* What you have to do: Working from the records beneath this line, reproduce each one exactly.

* Data extract:
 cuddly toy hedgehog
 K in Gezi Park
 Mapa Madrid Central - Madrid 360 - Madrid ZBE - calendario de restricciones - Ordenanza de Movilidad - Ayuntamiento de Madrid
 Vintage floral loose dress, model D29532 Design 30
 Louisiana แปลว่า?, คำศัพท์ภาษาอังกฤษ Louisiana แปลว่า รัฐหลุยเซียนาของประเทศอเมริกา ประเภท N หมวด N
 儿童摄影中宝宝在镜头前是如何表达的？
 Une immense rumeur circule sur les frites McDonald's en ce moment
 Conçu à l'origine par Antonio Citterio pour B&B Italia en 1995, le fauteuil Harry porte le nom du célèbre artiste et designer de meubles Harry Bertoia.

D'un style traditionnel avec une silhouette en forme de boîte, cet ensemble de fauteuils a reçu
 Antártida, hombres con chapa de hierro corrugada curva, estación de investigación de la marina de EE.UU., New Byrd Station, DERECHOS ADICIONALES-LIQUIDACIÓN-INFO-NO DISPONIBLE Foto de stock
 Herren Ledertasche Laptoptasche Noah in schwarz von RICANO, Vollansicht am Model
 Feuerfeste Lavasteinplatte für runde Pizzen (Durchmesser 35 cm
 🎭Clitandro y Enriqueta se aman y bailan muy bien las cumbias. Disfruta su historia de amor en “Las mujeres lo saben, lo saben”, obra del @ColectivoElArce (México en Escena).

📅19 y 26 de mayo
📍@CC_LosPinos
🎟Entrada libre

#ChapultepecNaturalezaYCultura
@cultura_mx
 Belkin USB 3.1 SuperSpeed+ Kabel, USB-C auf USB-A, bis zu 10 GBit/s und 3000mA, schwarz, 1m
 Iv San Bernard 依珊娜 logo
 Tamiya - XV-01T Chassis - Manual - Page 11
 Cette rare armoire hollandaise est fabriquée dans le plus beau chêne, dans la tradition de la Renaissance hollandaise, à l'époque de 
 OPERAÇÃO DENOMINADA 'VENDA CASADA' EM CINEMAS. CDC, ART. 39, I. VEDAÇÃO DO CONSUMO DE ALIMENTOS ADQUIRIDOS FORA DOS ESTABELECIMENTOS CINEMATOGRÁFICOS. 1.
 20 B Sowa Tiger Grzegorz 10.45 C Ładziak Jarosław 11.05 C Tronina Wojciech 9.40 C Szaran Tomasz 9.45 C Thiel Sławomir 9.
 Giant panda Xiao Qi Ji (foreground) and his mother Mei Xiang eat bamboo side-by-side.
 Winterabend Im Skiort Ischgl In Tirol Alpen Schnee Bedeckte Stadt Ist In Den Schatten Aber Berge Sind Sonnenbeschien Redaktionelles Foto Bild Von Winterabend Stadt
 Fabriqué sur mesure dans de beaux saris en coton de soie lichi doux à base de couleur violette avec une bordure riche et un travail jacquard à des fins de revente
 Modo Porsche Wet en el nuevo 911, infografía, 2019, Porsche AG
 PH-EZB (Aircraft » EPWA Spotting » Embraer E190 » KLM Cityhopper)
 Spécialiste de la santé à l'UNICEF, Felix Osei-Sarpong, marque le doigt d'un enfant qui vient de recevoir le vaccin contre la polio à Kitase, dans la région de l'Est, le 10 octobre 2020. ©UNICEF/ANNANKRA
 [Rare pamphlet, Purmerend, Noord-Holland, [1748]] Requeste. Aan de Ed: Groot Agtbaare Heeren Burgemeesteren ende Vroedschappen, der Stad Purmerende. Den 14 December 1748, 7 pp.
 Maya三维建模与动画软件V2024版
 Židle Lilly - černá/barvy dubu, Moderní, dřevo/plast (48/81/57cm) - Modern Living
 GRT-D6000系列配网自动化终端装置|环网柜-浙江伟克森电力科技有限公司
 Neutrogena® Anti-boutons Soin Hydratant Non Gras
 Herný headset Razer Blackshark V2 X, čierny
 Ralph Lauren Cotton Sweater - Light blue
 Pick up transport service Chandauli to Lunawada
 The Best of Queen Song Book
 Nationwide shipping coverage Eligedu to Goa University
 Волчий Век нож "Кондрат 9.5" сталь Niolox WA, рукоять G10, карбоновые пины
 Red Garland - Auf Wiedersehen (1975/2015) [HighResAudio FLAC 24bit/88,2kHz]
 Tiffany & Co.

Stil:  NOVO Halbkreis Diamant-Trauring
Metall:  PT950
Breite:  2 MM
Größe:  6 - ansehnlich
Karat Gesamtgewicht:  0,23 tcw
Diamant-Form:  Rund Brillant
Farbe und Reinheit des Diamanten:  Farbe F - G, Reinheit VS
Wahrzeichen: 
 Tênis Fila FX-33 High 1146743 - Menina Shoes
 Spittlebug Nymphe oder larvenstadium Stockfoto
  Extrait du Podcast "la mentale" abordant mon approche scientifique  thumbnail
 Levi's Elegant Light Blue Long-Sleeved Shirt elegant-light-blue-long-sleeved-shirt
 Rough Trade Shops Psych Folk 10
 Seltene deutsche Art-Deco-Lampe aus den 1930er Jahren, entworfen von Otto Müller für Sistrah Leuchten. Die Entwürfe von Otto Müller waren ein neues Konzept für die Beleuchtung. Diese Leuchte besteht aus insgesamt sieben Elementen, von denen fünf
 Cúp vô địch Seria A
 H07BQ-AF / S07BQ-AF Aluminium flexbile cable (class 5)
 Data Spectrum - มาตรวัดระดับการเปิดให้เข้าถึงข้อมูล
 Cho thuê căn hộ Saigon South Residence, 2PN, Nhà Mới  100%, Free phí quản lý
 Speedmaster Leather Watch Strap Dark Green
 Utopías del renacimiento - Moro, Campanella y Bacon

* Answer space:
 cuddly toy hedgehog
 K in Gezi Park
 Mapa Madrid Central - Madrid 360 - Madrid ZBE - calendario de restricciones - Ordenanza de Movilidad - Ayuntamiento de Madrid
 Vintage floral loose dress, model D29532 Design 30
 Louisiana แปลว่า?, คำศัพท์ภาษาอังกฤษ Louisiana แปลว่า รัฐหลุยเซียนาของประเทศอเมริกา ประเภท N หมวด N
 儿童摄影中宝宝在镜头前是如何表达的？
 Une immense rumeur circule sur les frites McDonald's en ce moment
 Conçu à l'origine par Antonio Citterio pour B&B Italia en 1995, le fauteuil Harry porte le nom du célèbre artiste et designer de meubles Harry Bertoia.

D'un style traditionnel avec une silhouette en forme de boîte, cet ensemble de fauteuils a reçu
 Antártida, hombres con chapa de hierro corrugada curva, estación de investigación de la marina de EE.UU., New Byrd Station, DERECHOS ADICIONALES-LIQUIDACIÓN-INFO-NO DISPONIBLE Foto de stock
 Herren Ledertasche Laptoptasche Noah in schwarz von RICANO, Vollansicht am Model
 Feuerfeste Lavasteinplatte für runde Pizzen (Durchmesser 35 cm
 🎭Clitandro y Enriqueta se aman y bailan muy bien las cumbias. Disfruta su historia de amor en “Las mujeres lo saben, lo saben”, obra del @ColectivoElArce (México en Escena).

📅19 y 26 de mayo
📍@CC_LosPinos
🎟Entrada libre

#ChapultepecNaturalezaYCultura
@cultura_mx
 Belkin USB 3.1 SuperSpeed+ Kabel, USB-C auf USB-A, bis zu 10 GBit/s und 3000mA, schwarz, 1m
 Iv San Bernard 依珊娜 logo
 Tamiya - XV-01T Chassis - Manual - Page 11
 Cette rare armoire hollandaise est fabriquée dans le plus beau chêne, dans la tradition de la Renaissance hollandaise, à l'époque de 
 OPERAÇÃO DENOMINADA 'VENDA CASADA' EM CINEMAS. CDC, ART. 39, I. VEDAÇÃO DO CONSUMO DE ALIMENTOS ADQUIRIDOS FORA DOS ESTABELECIMENTOS CINEMATOGRÁFICOS. 1.
 20 B Sowa Tiger Grzegorz 10.45 C Ładziak Jarosław 11.05 C Tronina Wojciech 9.40 C Szaran Tomasz 9.45 C Thiel Sławomir 9.
 Giant panda Xiao Qi Ji (foreground) and his mother Mei Xiang eat bamboo side-by-side.
 Winterabend Im Skiort Ischgl In Tirol Alpen Schnee Bedeckte Stadt Ist In Den Schatten Aber Berge Sind Sonnenbeschien Redaktionelles Foto Bild Von Winterabend Stadt
 Fabriqué sur mesure dans de beaux saris en coton de soie lichi doux à base de couleur violette avec une bordure riche et un travail jacquard à des fins de revente
 Modo Porsche Wet en el nuevo 911, infografía, 2019, Porsche AG
 PH-EZB (Aircraft » EPWA Spotting » Embraer E190 » KLM Cityhopper)
 Spécialiste de la santé à l'UNICEF, Felix Osei-Sarpong, marque le doigt d'un enfant qui vient de recevoir le vaccin contre la polio à Kitase, dans la région de l'Est, le 10 octobre 2020. ©UNICEF/ANNANKRA
 [Rare pamphlet, Purmerend, Noord-Holland, [1748]] Requeste. Aan de Ed: Groot Agtbaare Heeren Burgemeesteren ende Vroedschappen, der Stad Purmerende. Den 14 December 1748, 7 pp.
 Maya三维建模与动画软件V2024版
 Židle Lilly - černá/barvy dubu, Moderní, dřevo/plast (48/81/57cm) - Modern Living
 GRT-D6000系列配网自动化终端装置|环网柜-浙江伟克森电力科技有限公司
 Neutrogena® Anti-boutons Soin Hydratant Non Gras
 Herný headset Razer Blackshark V2 X, čierny
 Ralph Lauren Cotton Sweater - Light blue
 Pick up transport service Chandauli to Lunawada
 The Best of Queen Song Book
 Nationwide shipping coverage Eligedu to Goa University
 Волчий Век нож "Кондрат 9.5" сталь Niolox WA, рукоять G10, карбоновые пины
 Red Garland - Auf Wiedersehen (1975/2015) [HighResAudio FLAC 24bit/88,2kHz]
 Tiffany & Co.

Stil:  NOVO Halbkreis Diamant-Trauring
Metall:  PT950
Breite:  2 MM
Größe:  6 - ansehnlich
Karat Gesamtgewicht:  0,23 tcw
Diamant-Form:  Rund Brillant
Farbe und Reinheit des Diamanten:  Farbe F - G, Reinheit VS
Wahrzeichen: 
 Tênis Fila FX-33 High 1146743 - Menina Shoes
 Spittlebug Nymphe oder larvenstadium Stockfoto
  Extrait du Podcast "la mentale" abordant mon approche scientifique  thumbnail
 Levi's Elegant Light Blue Long-Sleeved Shirt elegant-light-blue-long-sleeved-shirt
 Rough Trade Shops Psych Folk 10
 Seltene deutsche Art-Deco-Lampe aus den 1930er Jahren, entworfen von Otto Müller für Sistrah Leuchten. Die Entwürfe von Otto Müller waren ein neues Konzept für die Beleuchtung. Diese Leuchte besteht aus insgesamt sieben Elementen, von denen fünf
 Cúp vô địch Seria A
 H07BQ-AF / S07BQ-AF Aluminium flexbile cable (class 5)
 Data Spectrum - มาตรวัดระดับการเปิดให้เข้าถึงข้อมูล
 Cho thuê căn hộ Saigon South Residence, 2PN, Nhà Mới  100%, Free phí quản lý
 Speedmaster Leather Watch Strap Dark Green
 Utopías del renacimiento - Moro, Campanella y Bacon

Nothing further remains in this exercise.